+++ Collected material +++
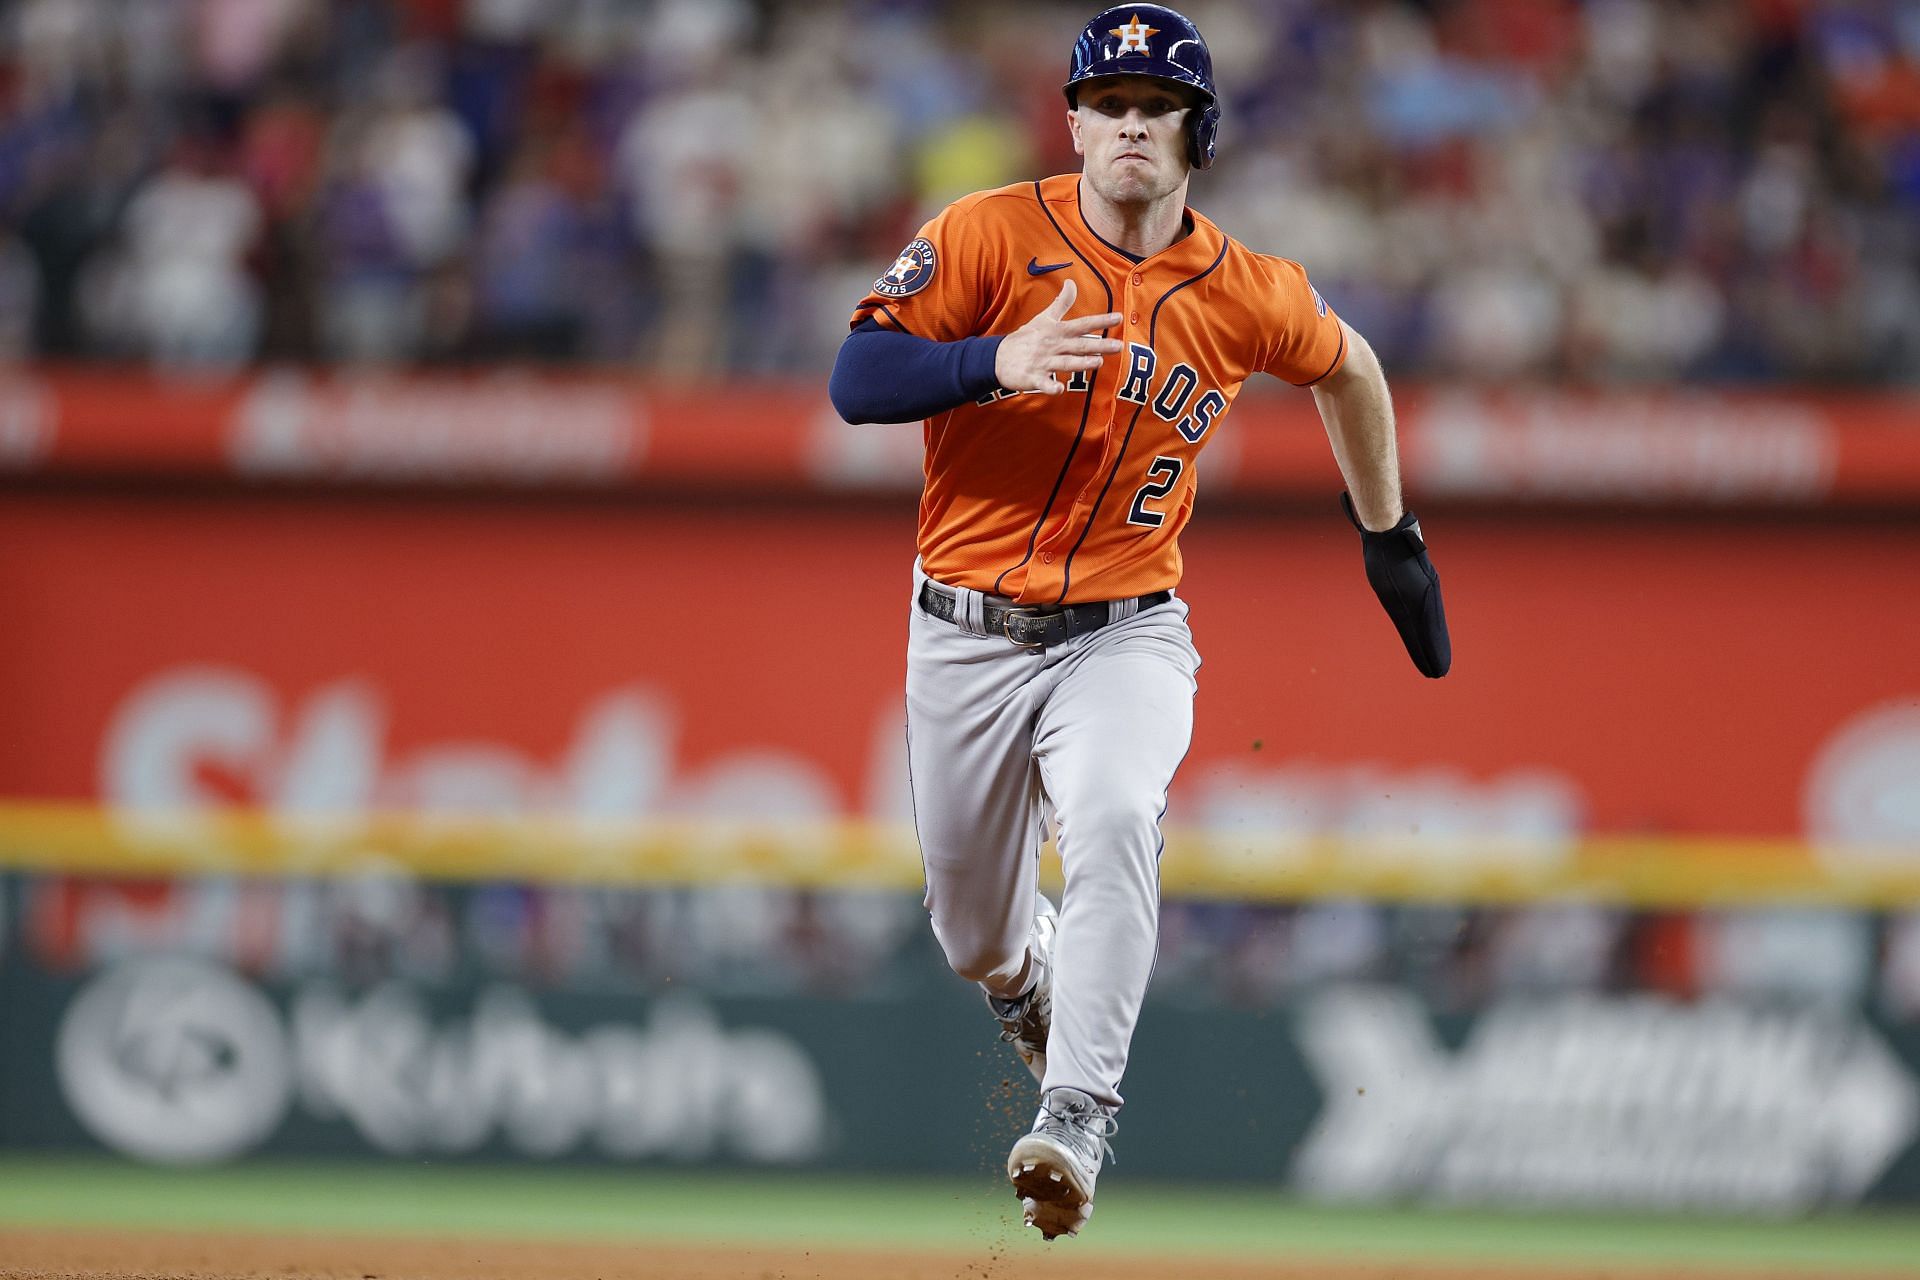 According to reports, Alex Bregman has been linked with the Yankees and Dodgers in a possible trade from the Houston Astros.
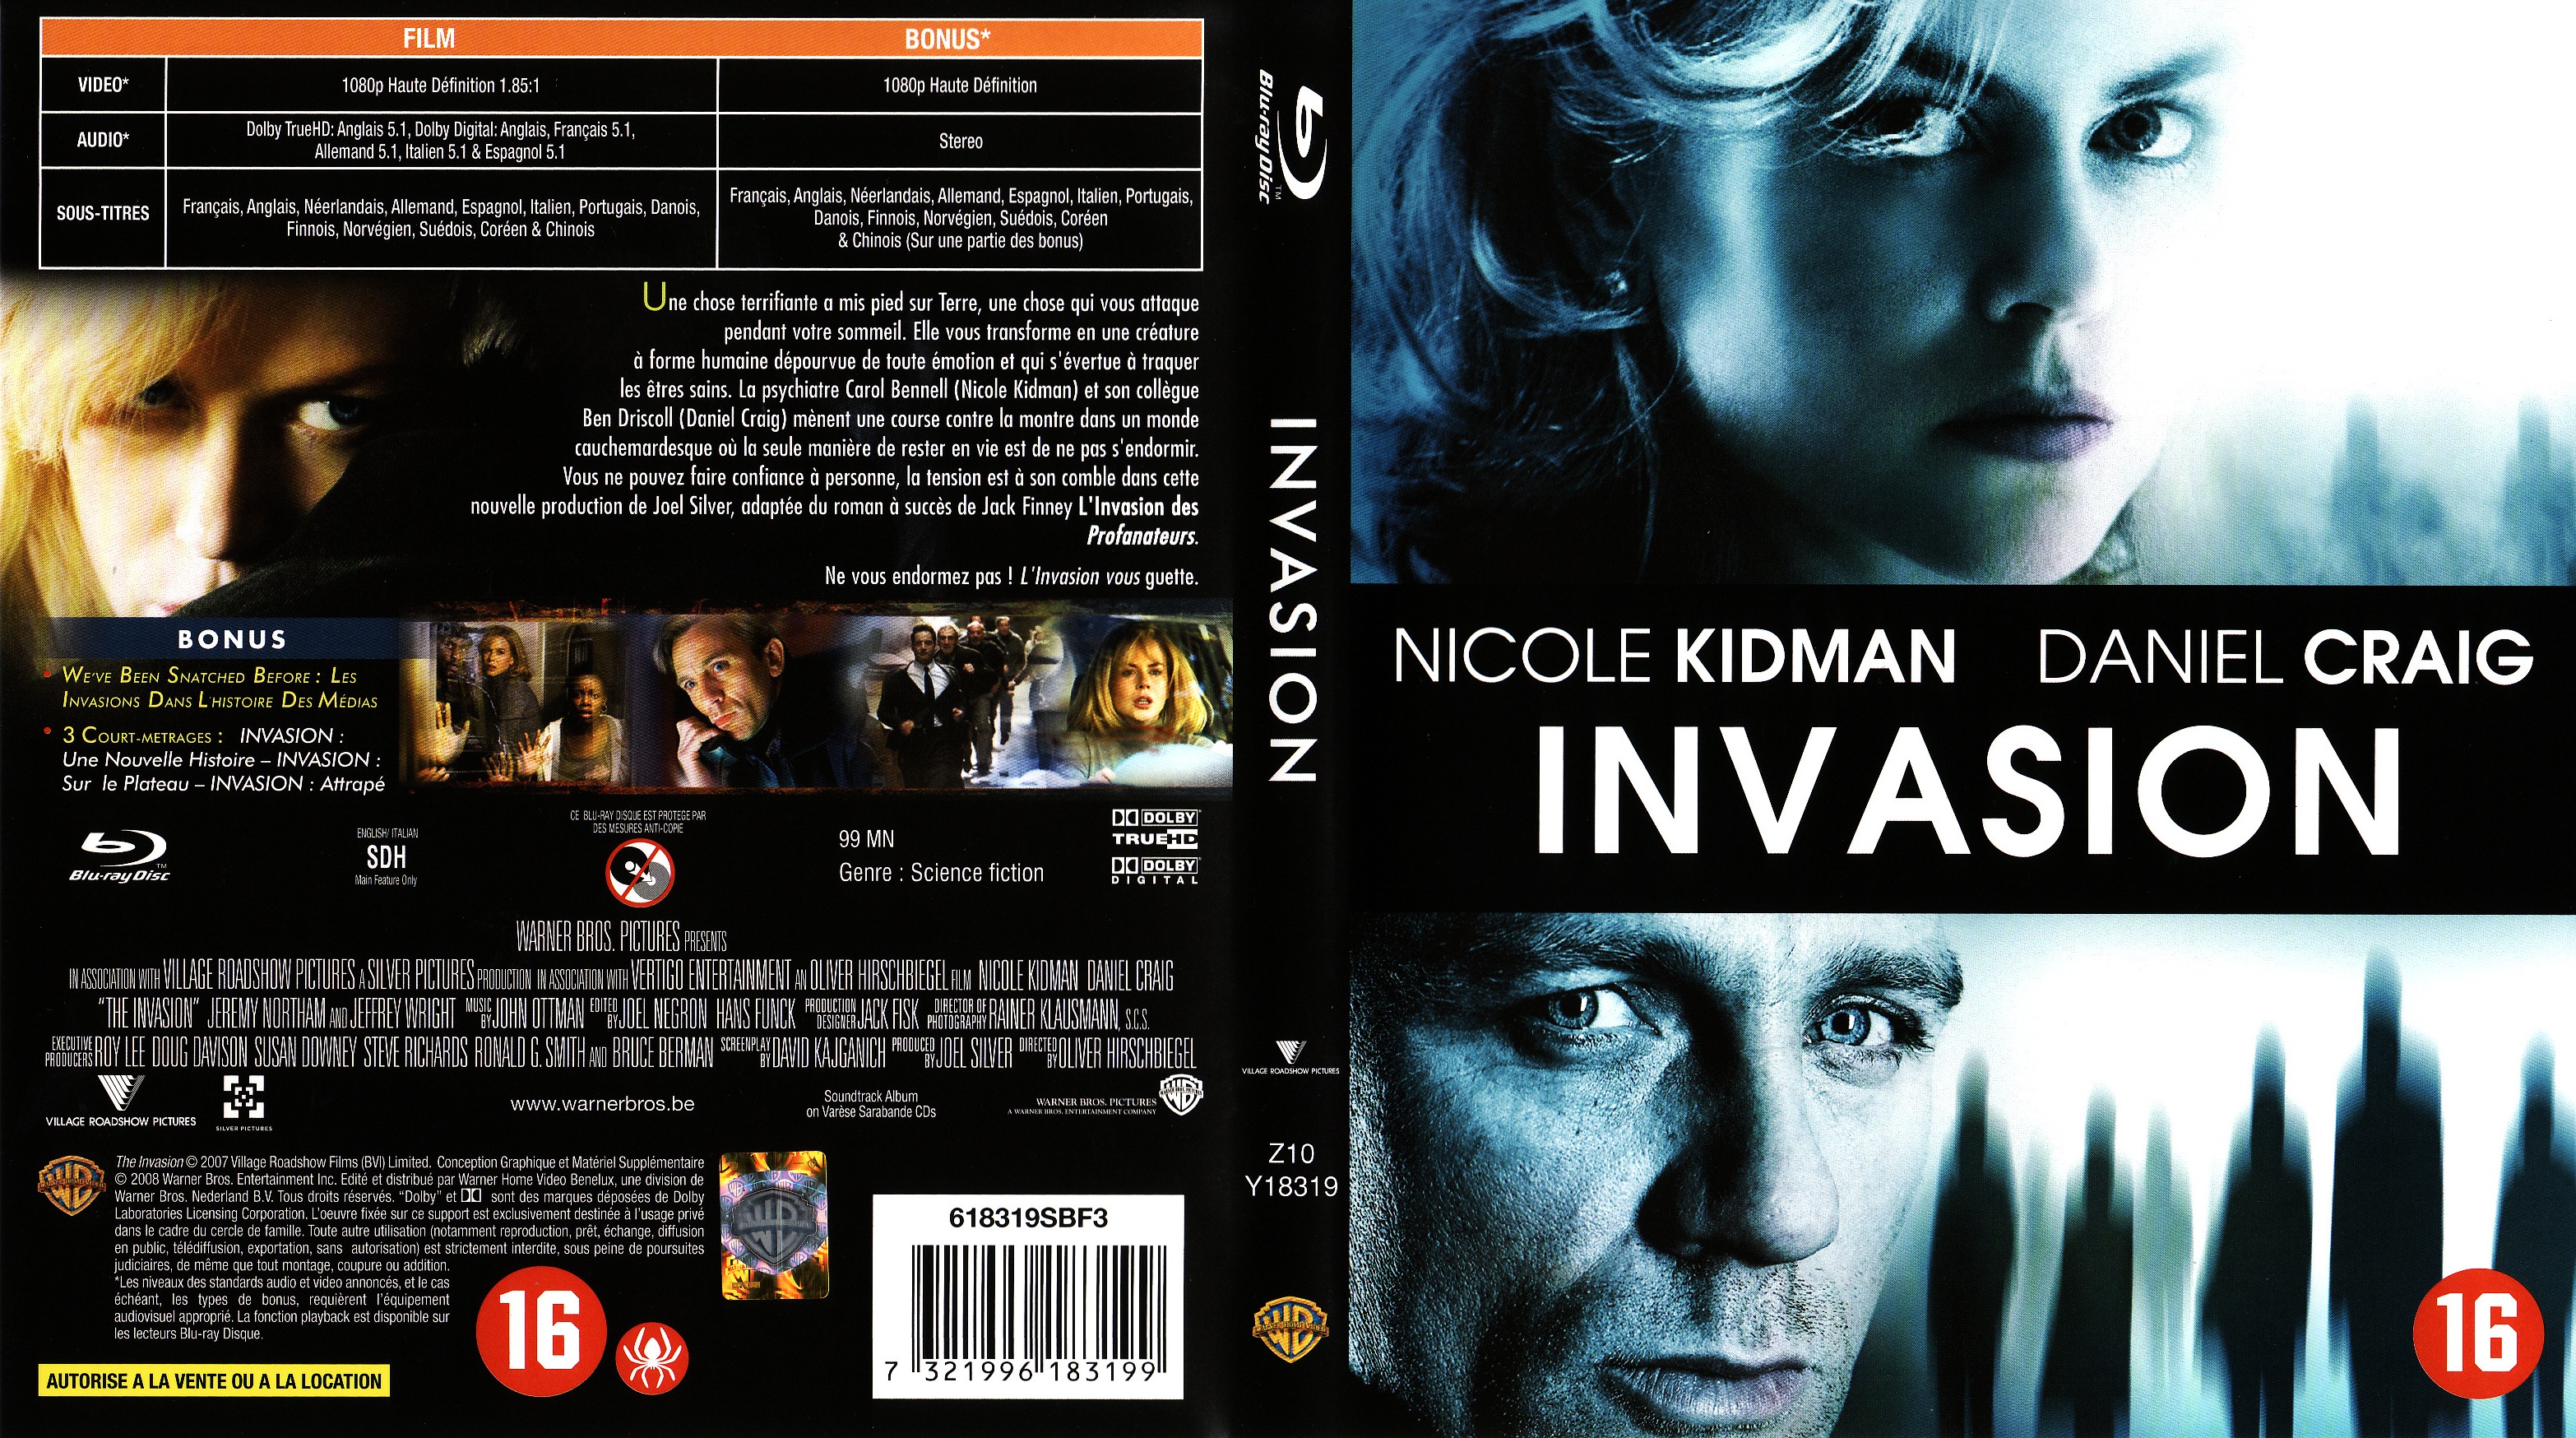 Jaquette DVD Invasion (BLU-RAY)
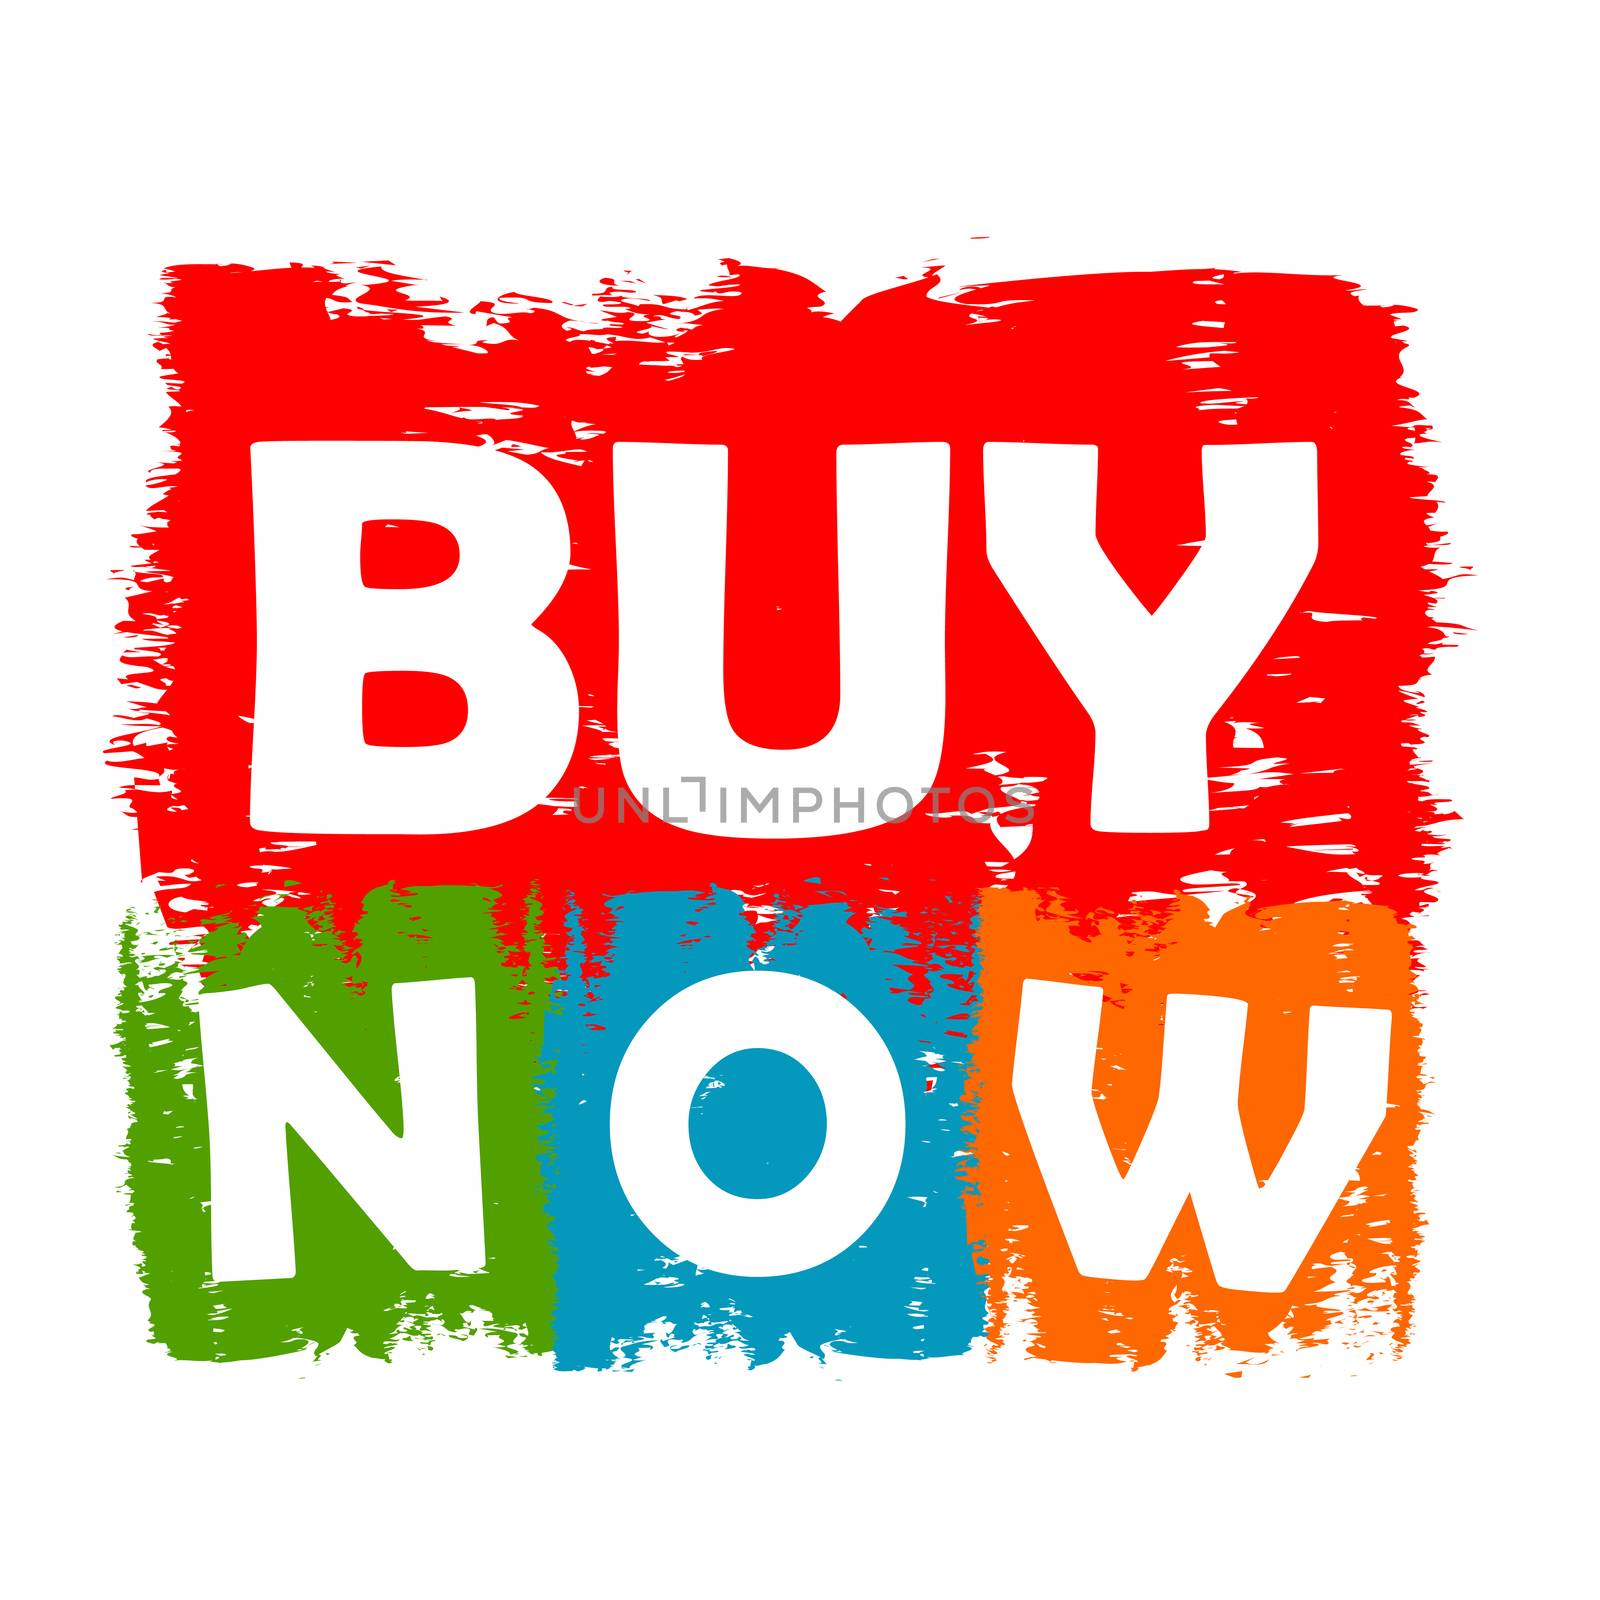 buy now drawn label - text in red, green, blue, orange and purple banner, business shopping and e-commerce concept
+++
# [Task description]
Reproduce each line above precisely, with no pictures.

# [Solution for this task]
 According to reports, Alex Bregman has been linked with the Yankees and Dodgers in a possible trade from the Houston Astros.
 Jaquette DVD Invasion (BLU-RAY)
 buy now drawn label - text in red, green, blue, orange and purple banner, business shopping and e-commerce concept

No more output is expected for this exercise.